The first of these was Godric by Frederick Buechner (pronounced ‘Beekner’) (1926-2022).1 Buechner was a novelist before he turned to faith and became a Presbyterian minister. He continued writing—both novels and theology. His readers, it seems, either love his writing or dislike it so much that they give up. After reading Bebb some years ago I was in the second category.2 But Buechner is very much a one-off. I gather that each of his novels is each quite different from the previous one, and they aren’t obviously the novels of a theologian. So when I came across yet one more essay on the web, this one by Lucas Thompson,3 extolling Buechner’s virtues and particularly the excellence of his novels about saints, I decided to give Buechner another go and read Godric. I enjoyed it!
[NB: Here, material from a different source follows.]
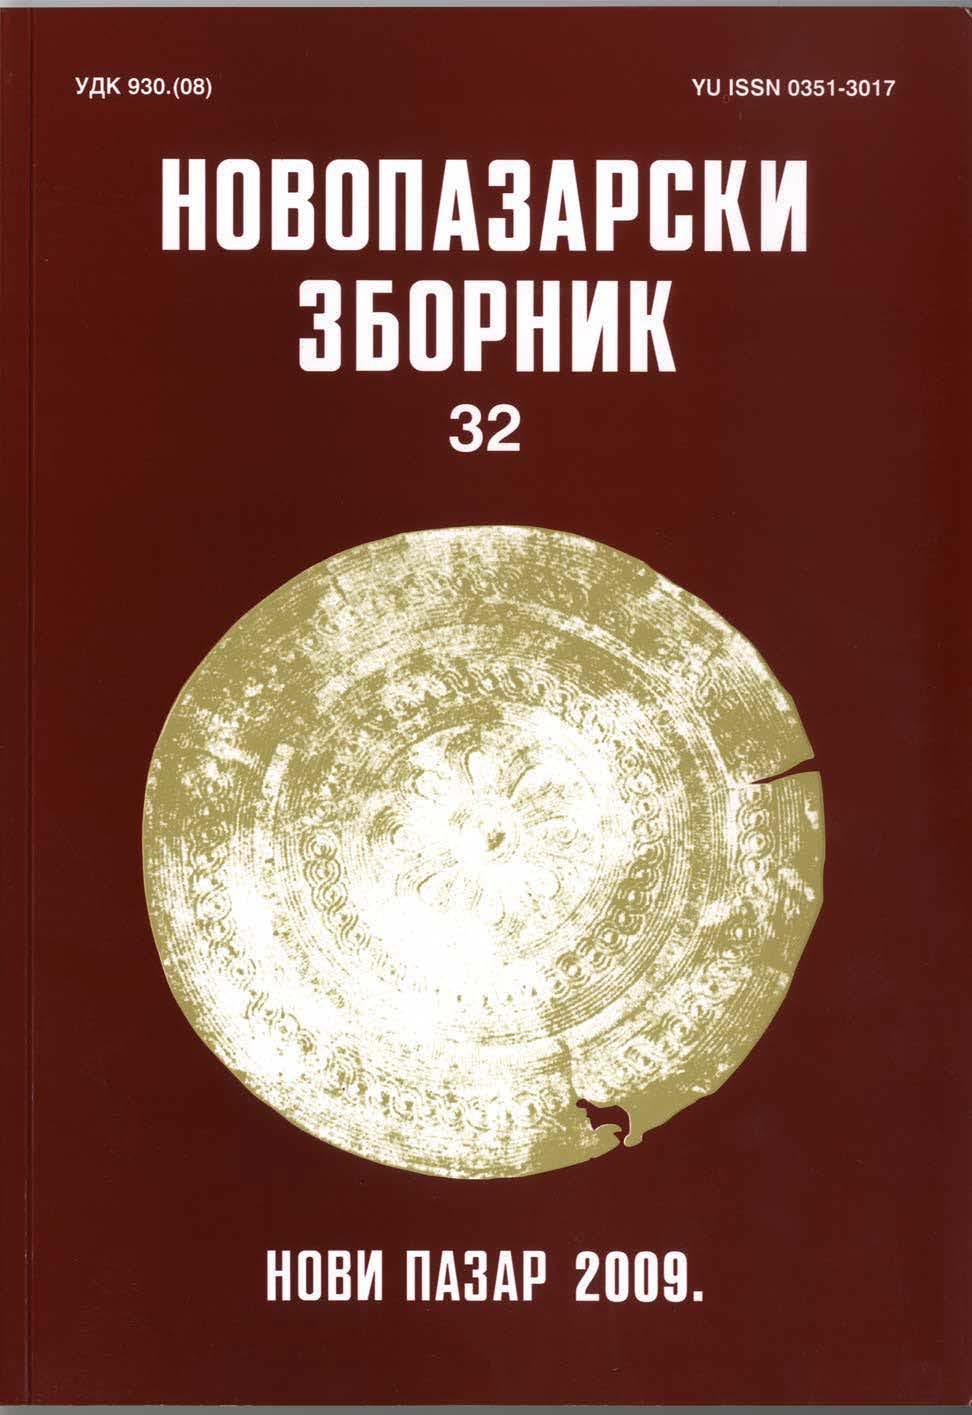 BROJ 32
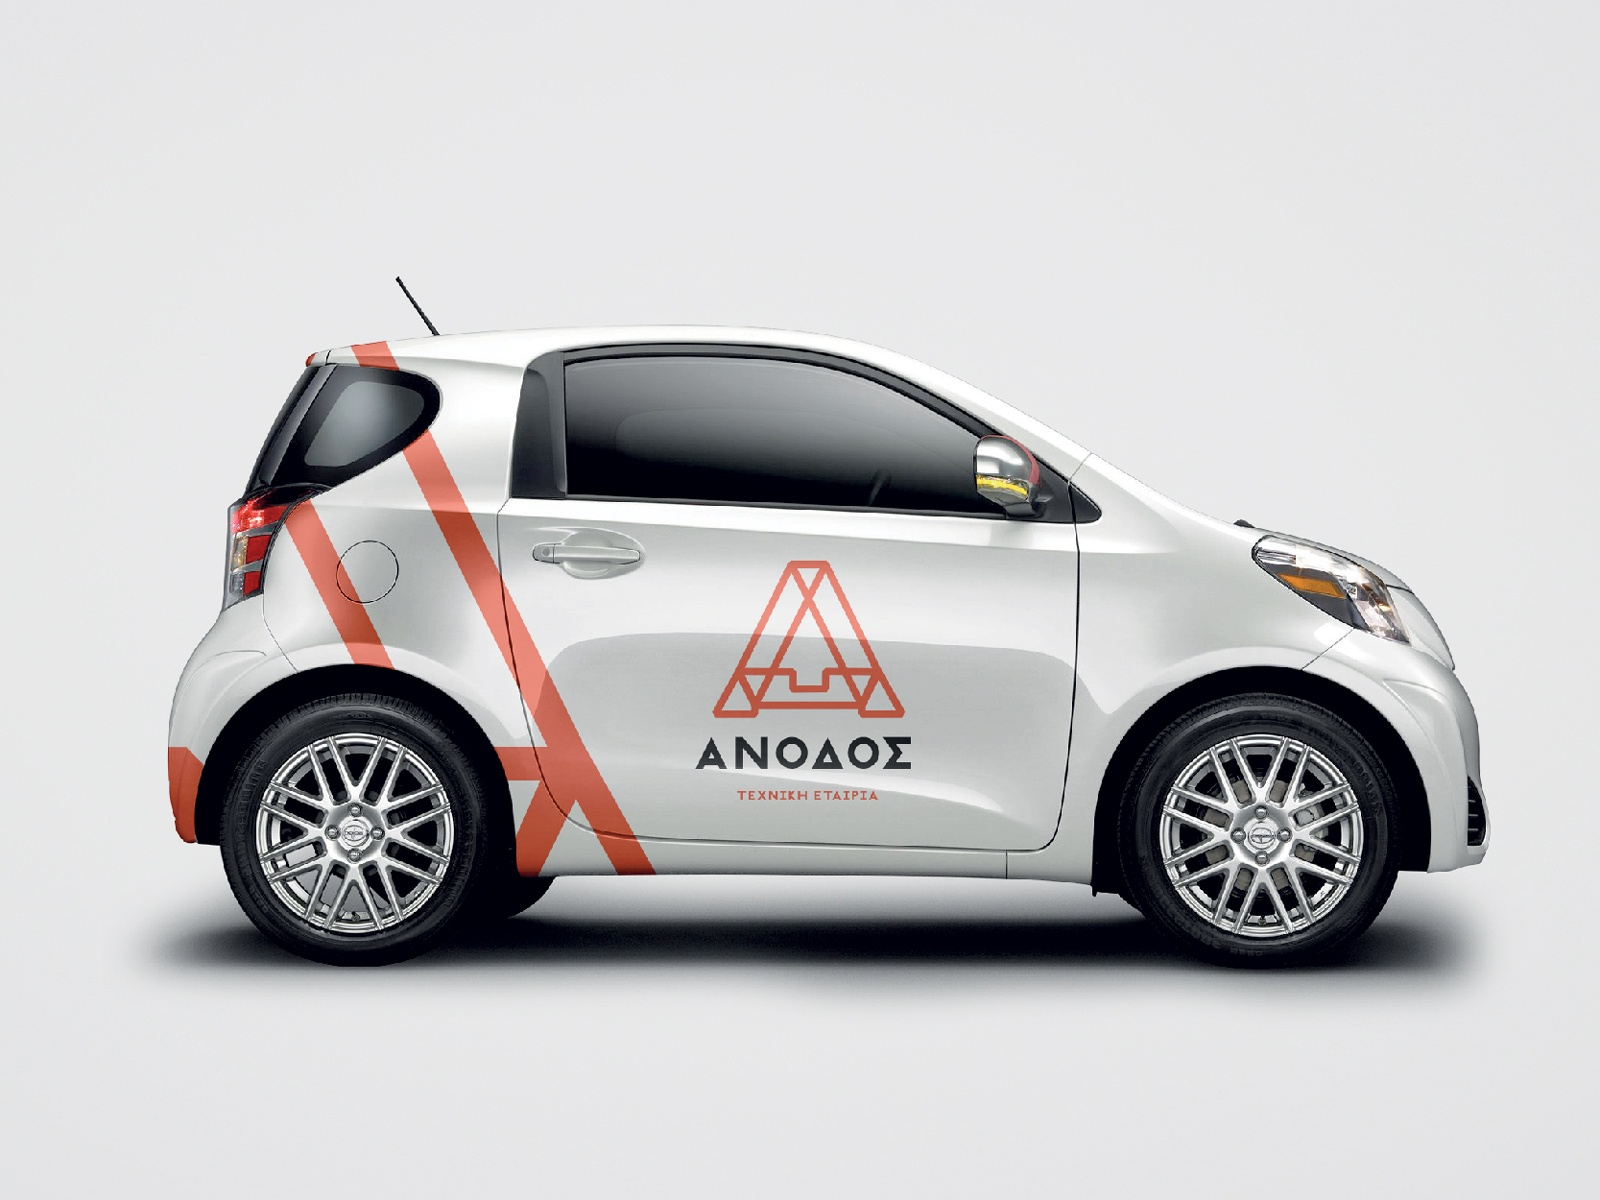 Anodos_Presentation-1_2-06

And let me add that Thompson’s essay is far, far more penetrating than anything I write here, and I recommend it.
Godric is a fictionalised life story of the mediaeval English saint, Godric of Finchale. Apparently Buechner came across the account of Godric’s life written by the Benedictine monk Reginald of Durham. Buechner was so taken by it that he decided to write a new life of Godric, without the idealisation that is typical of mediaeval hagiographies. The real Godric allegedly lived a very long life, even by 21st-century standards. Born of Anglo-Saxon parents, he lived from 1065 to 1170. The first half of his life was one of adventure. He started trading as a pedlar, becoming a merchant with a half-share in a ship that took him to Flanders and Denmark and finally to Jerusalem, and served for a time as steward to a Norman lord. In mid-life, reflecting on the various shameful acts and shady deals he had been involved in, he felt called to become a hermit. He lived with and learned from the hermit Elric of Wulsingham from perhaps 1105 until Elric’s death in 1108, and went to school with the choirboys of St Mary-le-Bow in Durham. Finally he settled into a hermitage (a cave in the novel) at Finchale on the River Wear near Durham and hardly left it during his remaining sixty years.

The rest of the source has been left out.